To paraphrase Steve Yegge, "Have you increased the energy grid significantly and simultaneously reduced greenhouse gases ?"

Of course, it's not all environmental.

I live in Kansas. There's a long-running feud going (several years now) over permits to build several coal-fired power plants in the western part of the state; the legislature keeps passing bills ordering the permits to be granted, and the governor keeps vetoing them (thus far the legislature's been unable to get enough votes to override her).

While various folks here love to complain that it's just some sort of environmental agenda being pushed by our (liberal) governor, there's a powerful economic reason to say no to these plants: although they'll be built in Kansas, although they'll use resources from Kansas, although they'll dump pollution into the air and water of Kansas, not one single watt of power from them will go to homes or businesses in Kansas (the plants, if they're built, will be built by out-of-state power companies to produce electricity which will be used elsewhere, mostly in Colorado).
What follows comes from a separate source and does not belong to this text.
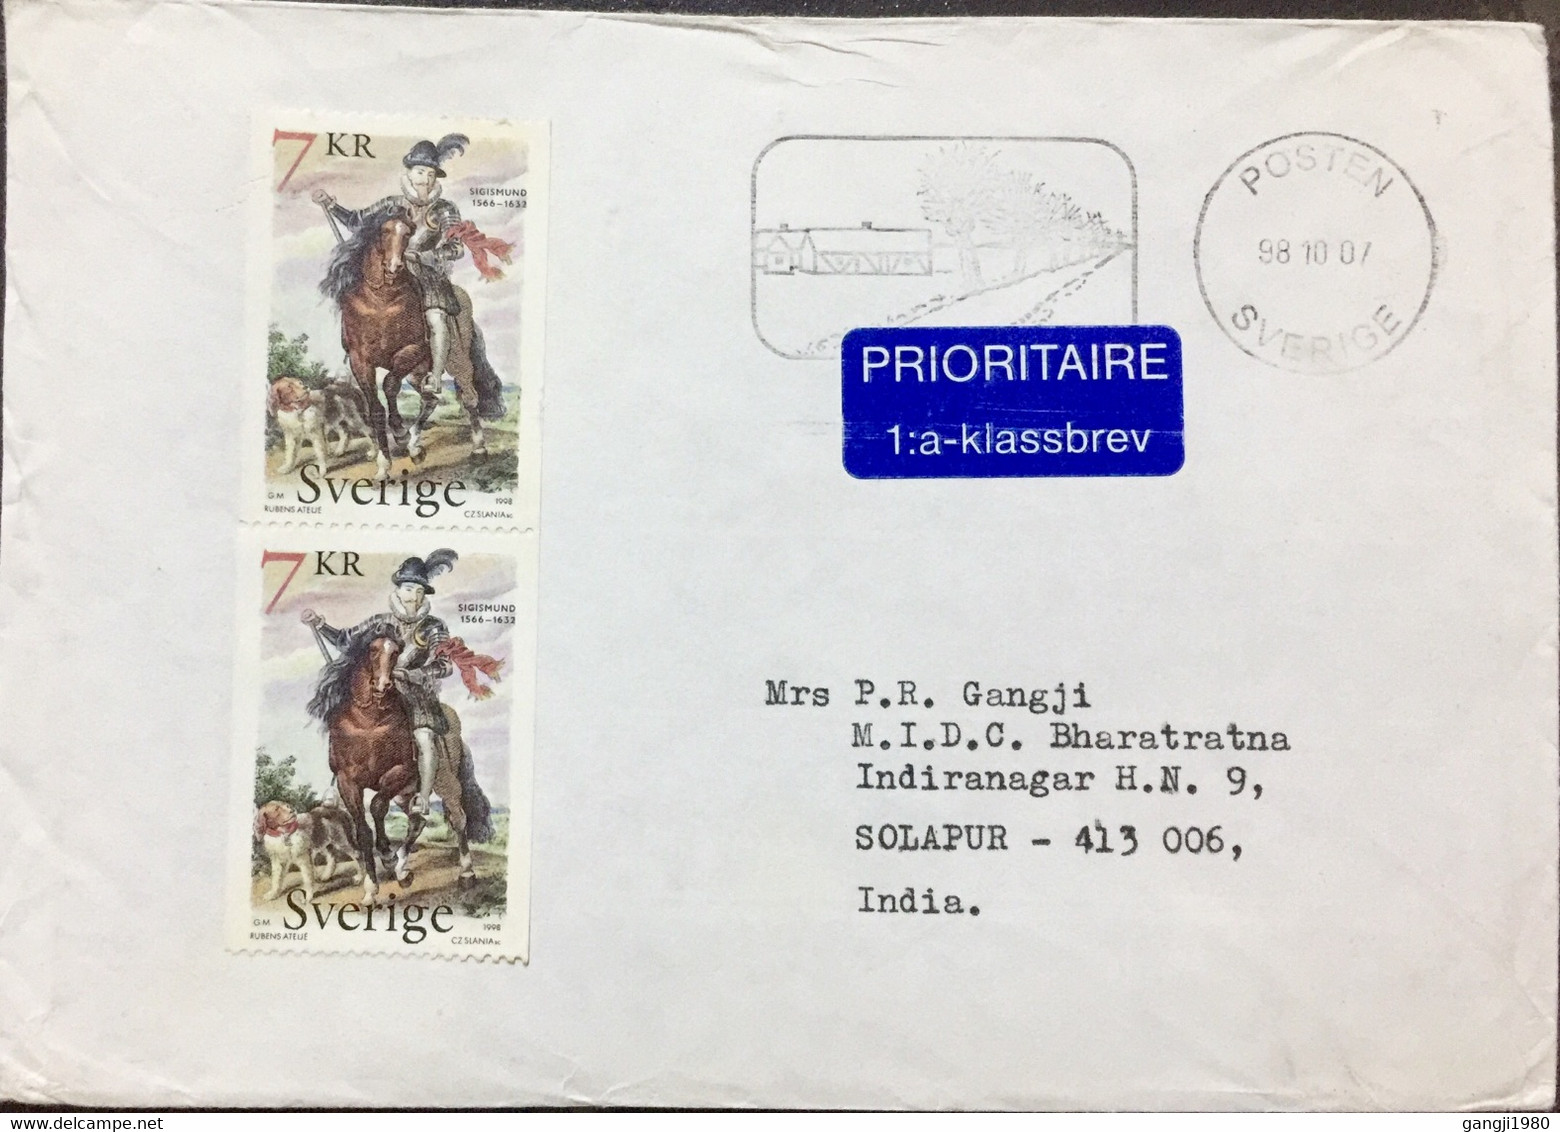 SWEDEN 2007, AIRMAIL COVER USED TO INDIA,POSTEN PICTURAL SLOGAN,CANCELLATION!!! SIGISMUND 1998 STAMPS PAIR - Covers & Documents

Which raises a valid question: if Kansas is going to bear the cost of having these plants, why shouldn't Kansas get any of the benefits? They won't generate nearly enough jobs to cover the impact they'll have on the state in other ways, so I don't see how any sound economic argument can be made in their favor.

From what reading I've been able to do on the subject of power-plant construction, it seems Kansas isn't alone in facing this sort of situation. Though it may feel like a variation on NIMBY, I think it's entirely reasonable for one state to ask why it should bear costs while another reaps benefits, and to refuse to enter such an obviously one-sided deal.

I actually just meant increasing transmission lines & transformer capacity, since that's what's on the edge. But we should increase generating capacity too.

Increasing capacity doesn't increase usage. We should increase capacity to a comfortable margin, and separately think about reducing usage.

I suspect the lead time is due to manufacturing capacity and probably large transformers are custom or semi-custom. But as you said amazing things happen when there is a civilization threatening crisis.
This is especially interesting in the light that there is now a more concerted effort to get automobiles "on the grid"

Just for starters, see Shai Aggassi's blog

http://shaiagassi.typepad.com/

I really want an EV, but the effect on the grid is a real problem that needs to be addressed as well.
When I got to "1 to 2 trillion" I stopped reading. I'm pretty sure the treasury blew that much last weekend.